Up-front disclosure on this one: the tool I link to below is one I built. I got tired of paste-counter-paste-counter loops where the same input produced different numbers, and tired of tools that claim to support every model but quietly use one tokenizer for all of them. Free, client-side, no signup. I'm linking to it because it's what I use, and because I'd rather show you how it works than pitch it.

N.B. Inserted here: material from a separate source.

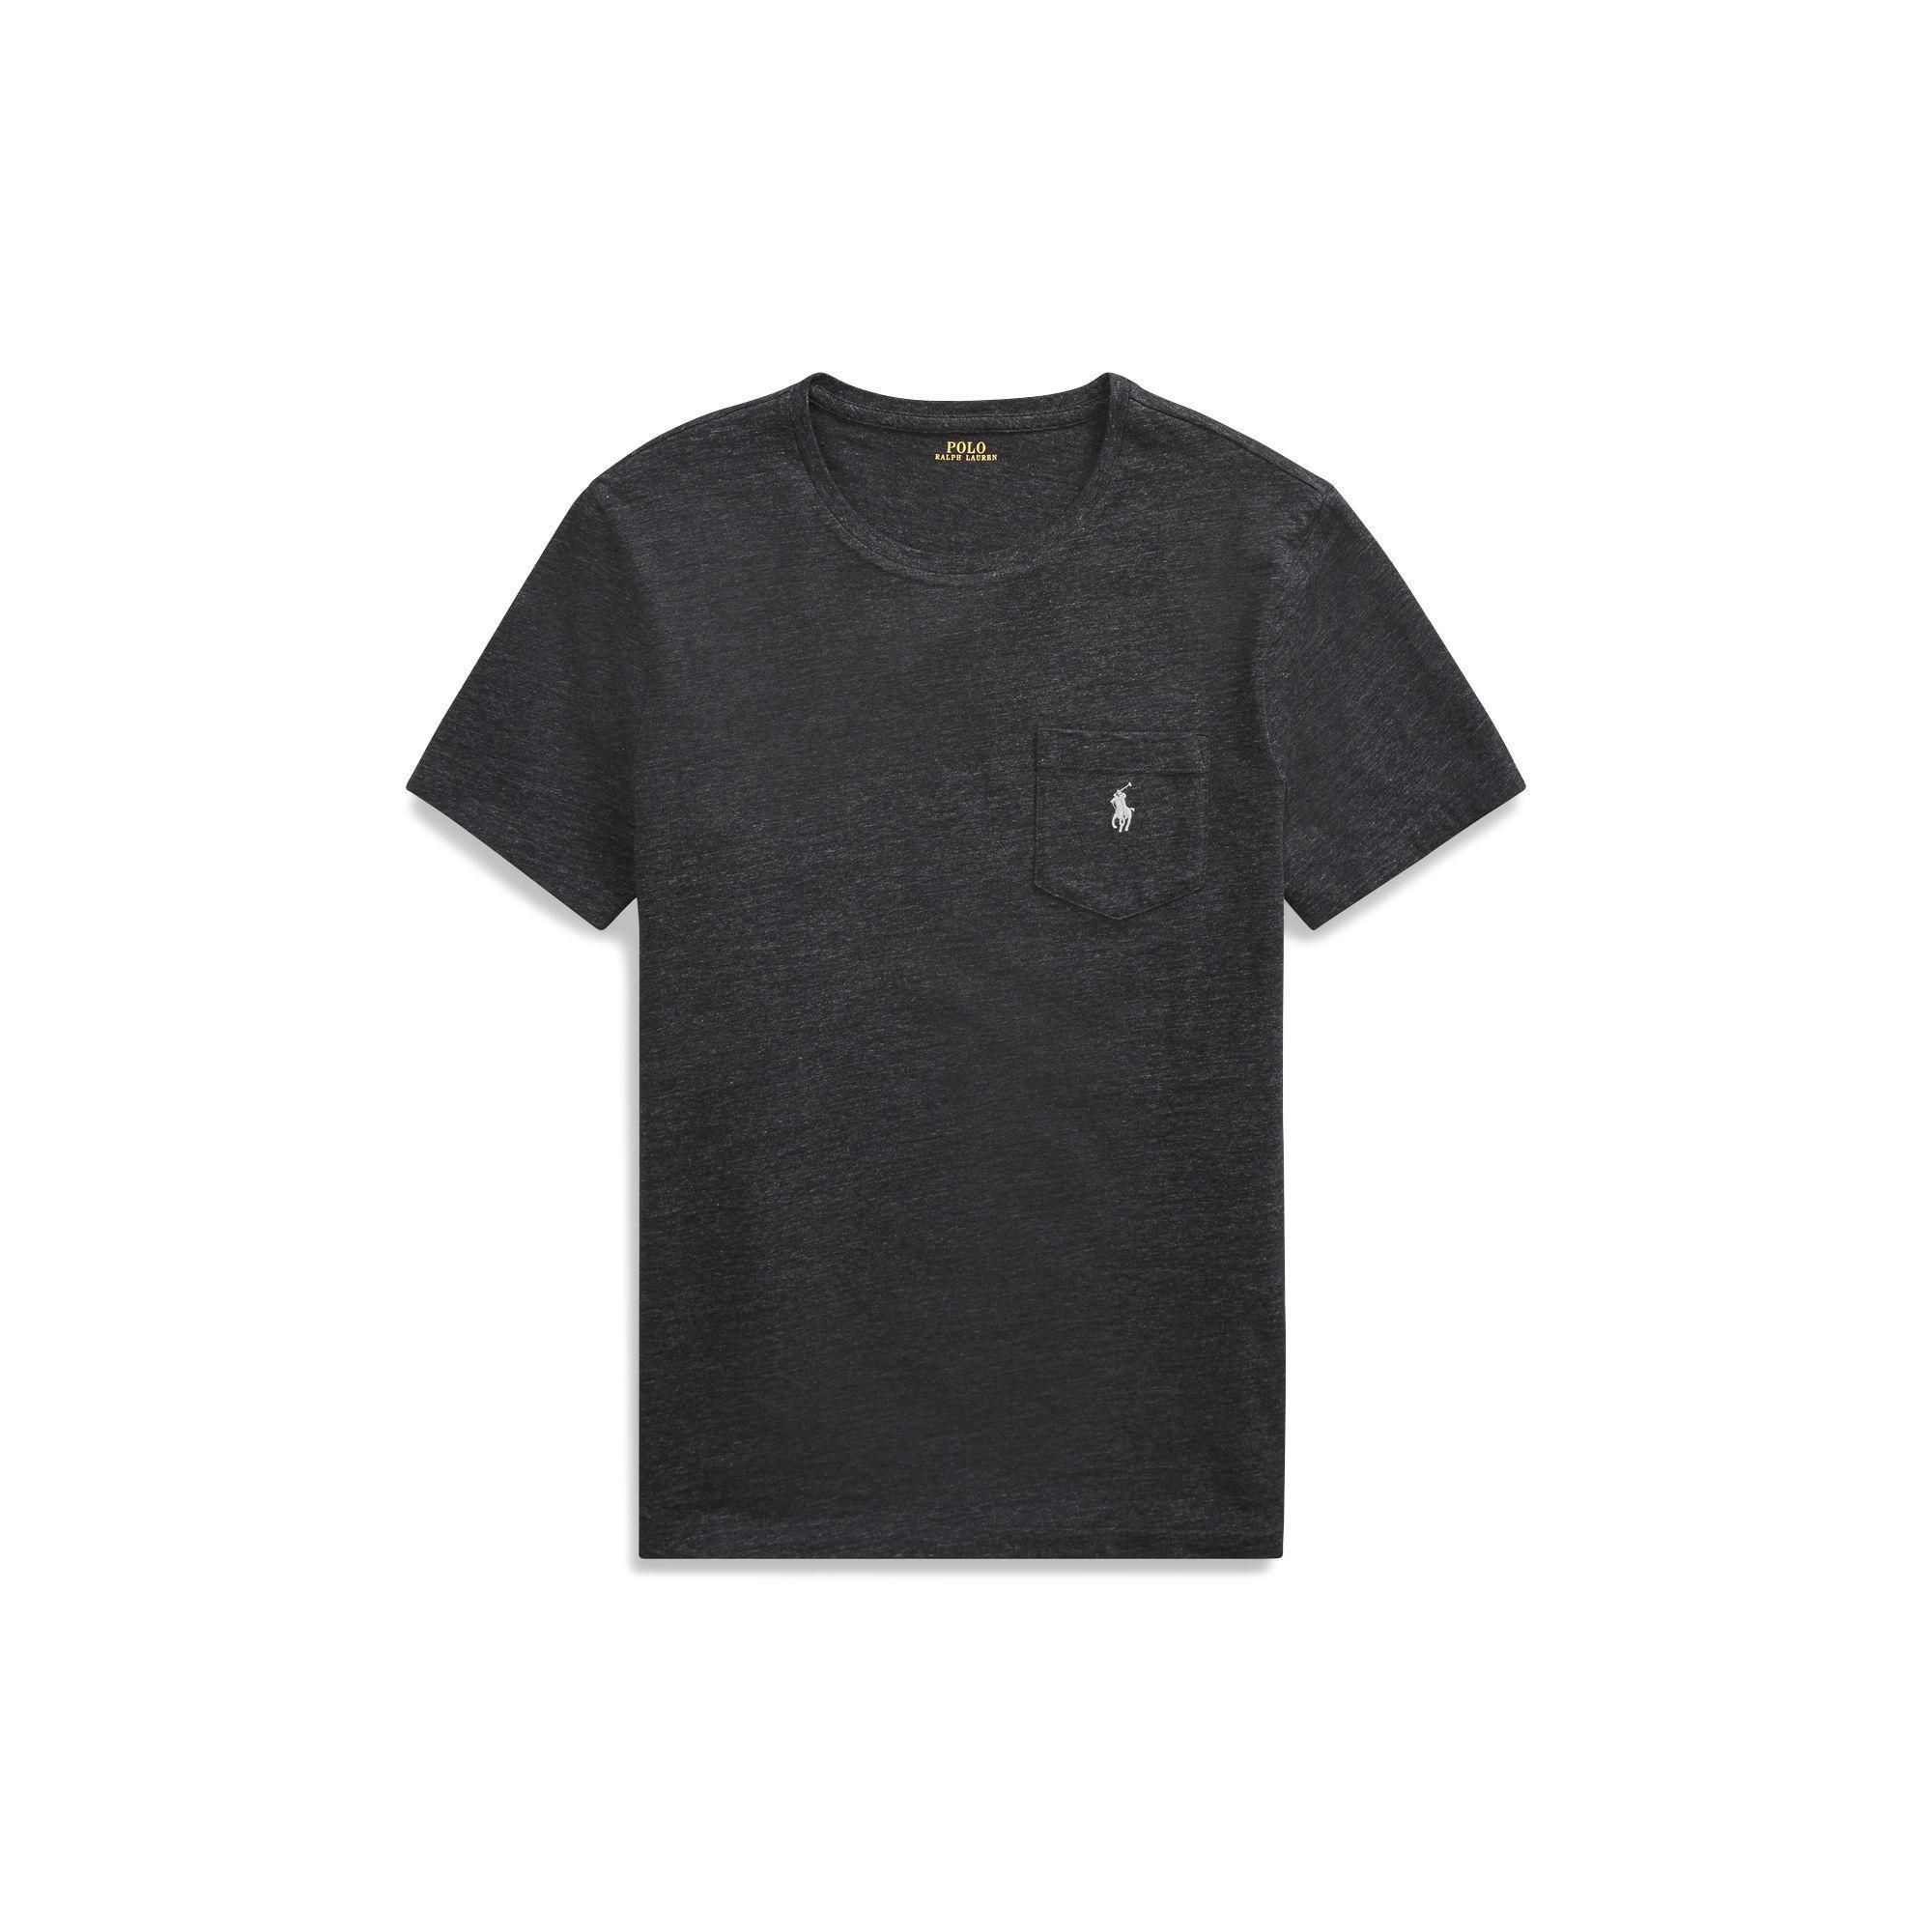 69fccb2b46f1a8 Polo Ralph Lauren Custom Slim Fit Pocket T-shirt in Black for Men - Lyst

If you've ever opened three "GPT token counter" tabs and gotten three different numbers, you're not crazy and the tools aren't all wrong. They're doing different things and labeling them the same way. Knowing which is which makes the difference between "this prompt fits" and "the API will reject it at the boundary".

What "tokenization" actually does

A tokenizer takes raw text and splits it into the integer IDs the model actually consumes. Every model family ships its own vocabulary, trained on its own corpus. Same input string yields different token counts because the vocabularies differ.

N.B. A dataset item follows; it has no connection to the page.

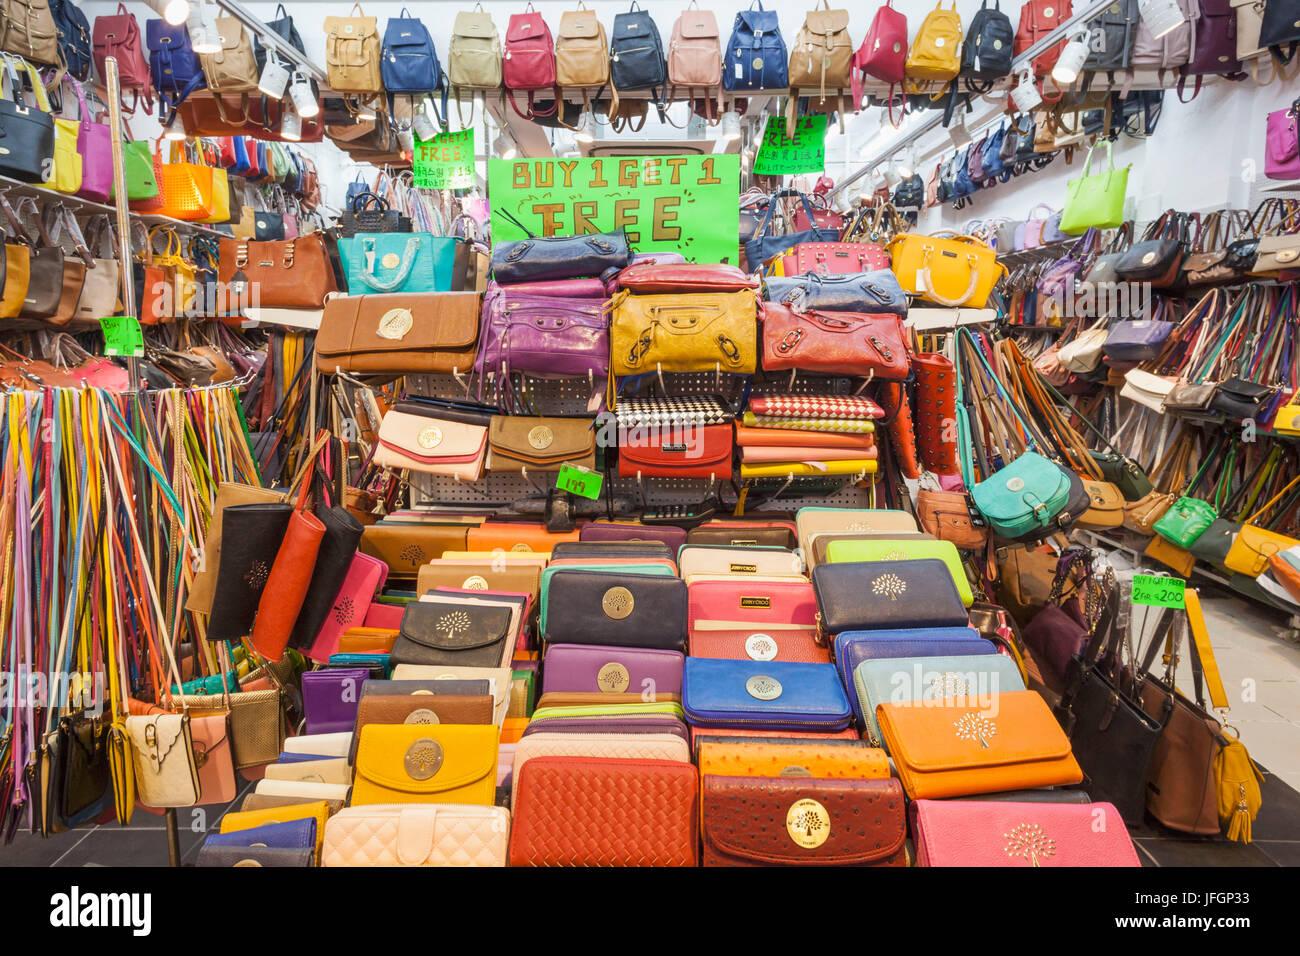 Shop Display Of Fake Purses And Handbags Stockfotos und

OpenAI's GPT-4 family uses an encoding called cl100k_base. The newer GPT-4o, GPT-5, o3 and o4 models use o200k_base, a larger vocabulary tuned for multilingual and code-heavy input. Anthropic's Claude family uses its own vocabulary that's published only as a server-side counting endpoint. Google's Gemini family is similar: server-side counting, no public local tokenizer at the time of writing (April 2026).

The rule of thumb people quote, "1 token is about 4 characters of English", is fine for napkin math and wrong by 10 to 20 percent on real input. German tokenizes worse than English because compound words don't fit the English-trained vocabulary. Code with many short identifiers tokenizes better than prose. Emoji are usually 2 to 4 tokens each. JSON with verbose keys tokenizes much worse than minified JSON. If you're sitting near the context window, the rule of thumb will lie to you.

Exact vs estimated, the real divide

Free token counters fall into two camps.

Exact counters ship the model's actual tokenizer in the browser and run it on your input. The numbers match what the API will charge, give or take a token or two. This is feasible only when the tokenizer is published as a runnable library. For OpenAI's GPT and o-series, that library is tiktoken (Python) and gpt-tokenizer (JavaScript). Both are MIT-licensed and small enough to ship client-side.

Estimating counters apply a character-ratio heuristic. They divide the character count by some constant (3.5 to 4.0 depending on the model family) and round up. The number is roughly right on plain English. It can be 10 to 20 percent off on code, JSON, German, mixed scripts, or anything with unusual whitespace. If a counter is fast on a 100,000-character paste regardless of which model you pick, it's almost certainly estimating.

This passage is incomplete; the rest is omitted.